Video reasoning requires understanding the causal relationships between events in a video. However, such relationships are often implicit and costly to annotate manually. While existing multimodal large language models (MLLMs) often infer event relations through dense captions or video summaries for video reasoning, such modeling still lacks causal understanding. Without explicit causal structure modeling within and across video events, these models suffer from hallucinations during the video reasoning. In this work, we propose GraphThinker, a reinforcement finetuning-based method that constructs structural event-level scene graphs and enhances visual grounding to jointly reduce hallucinations in video reasoning. Specifically, we first employ an MLLM to construct an event-based video scene graph (EVSG) that explicitly models both intra- and inter-event relations, and incorporate these formed scene graphs into the MLLM as an intermediate thinking process. We also introduce a visual attention reward during reinforcement finetuning, which strengthens video grounding and further mitigates hallucinations. We evaluate GraphThinker on two datasets, RexTime and VidHalluc, where it shows superior ability to capture object and event relations with more precise event localization, reducing hallucinations in video reasoning compared to prior methods.
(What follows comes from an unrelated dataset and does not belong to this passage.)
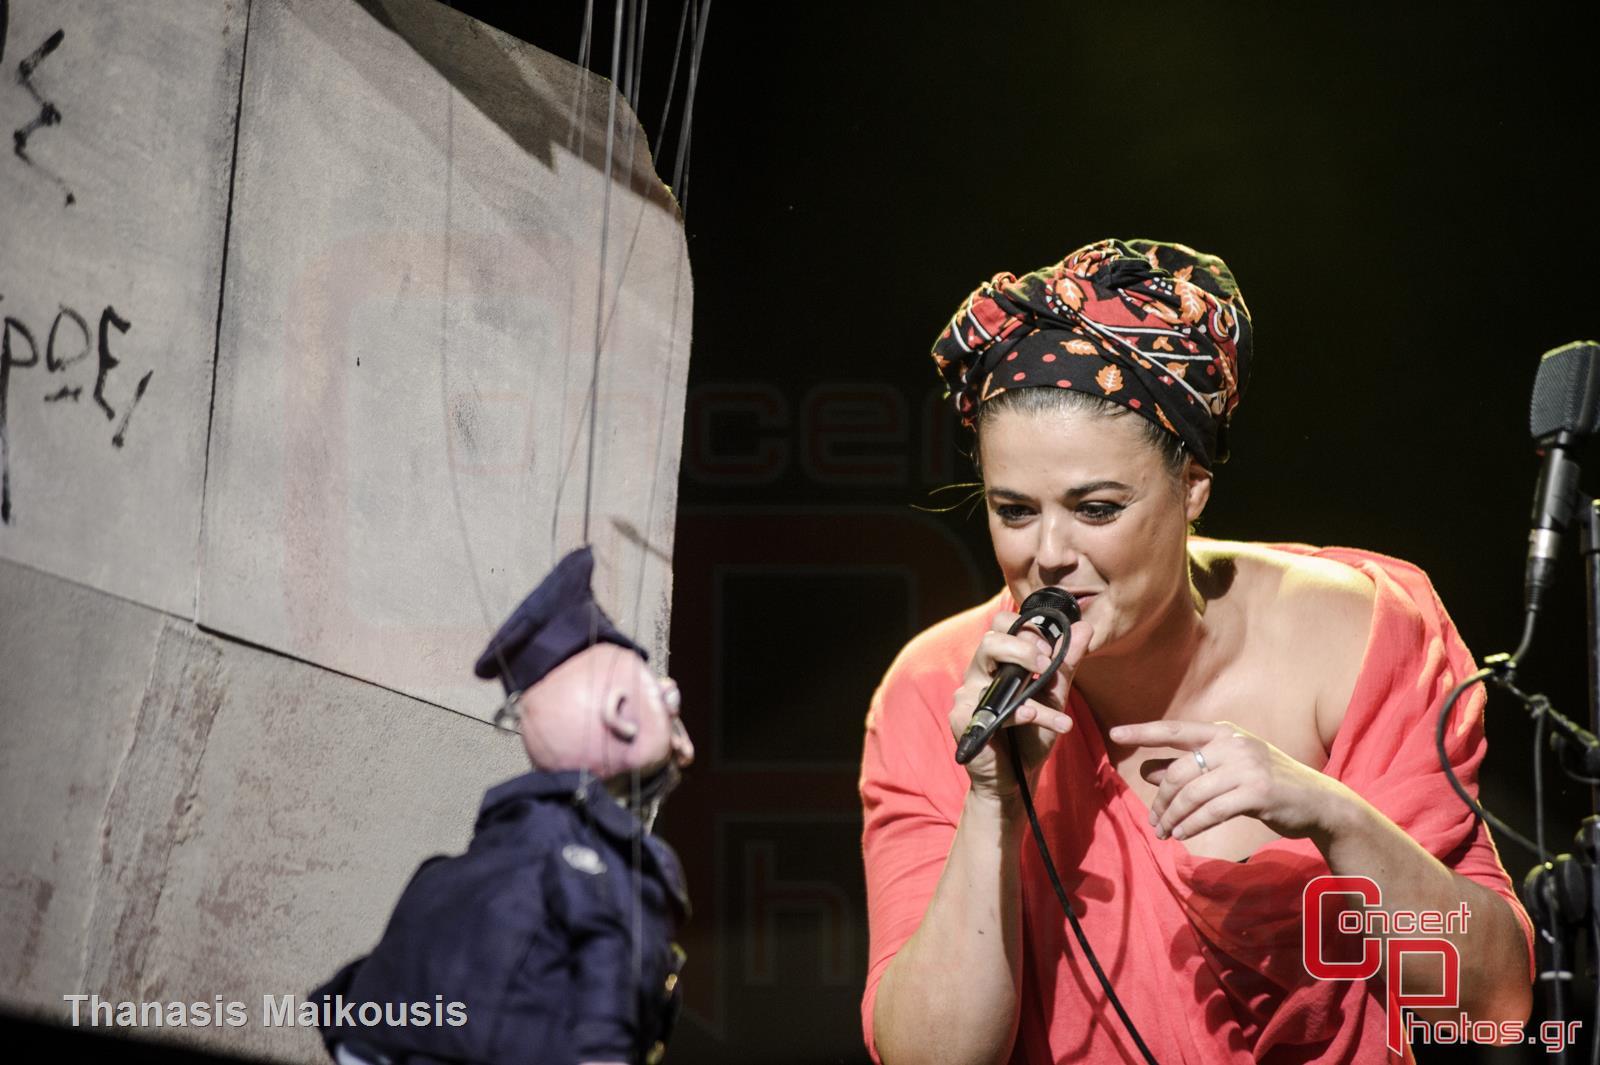 Active Member - Τραγούδα μας να φύγει το σκοτάδι- photographer: Thanasis Maikousis - concertphotos_-5053

GraphThinker: Reinforcing Video Reasoning with Event Graph Thinking

TL;DR

GraphThinker tackles hallucinations in video reasoning by introducing Event-based Video Scene Graphs (EVSG) that encode intra-event and inter-event relations, constructed end-to-end by an MLLM. It then uses GRPO-based reinforcement finetuning with a visual attention reward to promote visual grounding and adherence to the EVSG-guided reasoning. The method achieves state-of-the-art performance on RexTime and VidHalluc, with substantial improvements in both temporal localization and reduction of hallucinations. This work demonstrates the value of explicit event-level structure and targeted rewards for robust, grounded video reasoning in multimodal models.

Abstract

Video reasoning requires understanding the causal relationships between events in a video. However, such relationships are often implicit and costly to annotate manually. While existing multimodal large language models (MLLMs) often infer event relations through dense captions or video summaries for video reasoning, such modeling still lacks causal understanding. Without explicit causal structure modeling within and across video events, these models suffer from hallucinations during the video reasoning. In this work, we propose GraphThinker, a reinforcement finetuning-based method that constructs structural event-level scene graphs and enhances visual grounding to jointly reduce hallucinations in video reasoning. Specifically, we first employ an MLLM to construct an event-based video scene graph (EVSG) that explicitly models both intra- and inter-event relations, and incorporate these formed scene graphs into the MLLM as an intermediate thinking process. We also introduce a visual attention reward during reinforcement finetuning, which strengthens video grounding and further mitigates hallucinations. We evaluate GraphThinker on two datasets, RexTime and VidHalluc, where it shows superior ability to capture object and event relations with more precise event localization, reducing hallucinations in video reasoning compared to prior methods.
Paper Structure (15 sections, 12 equations, 4 figures, 4 tables)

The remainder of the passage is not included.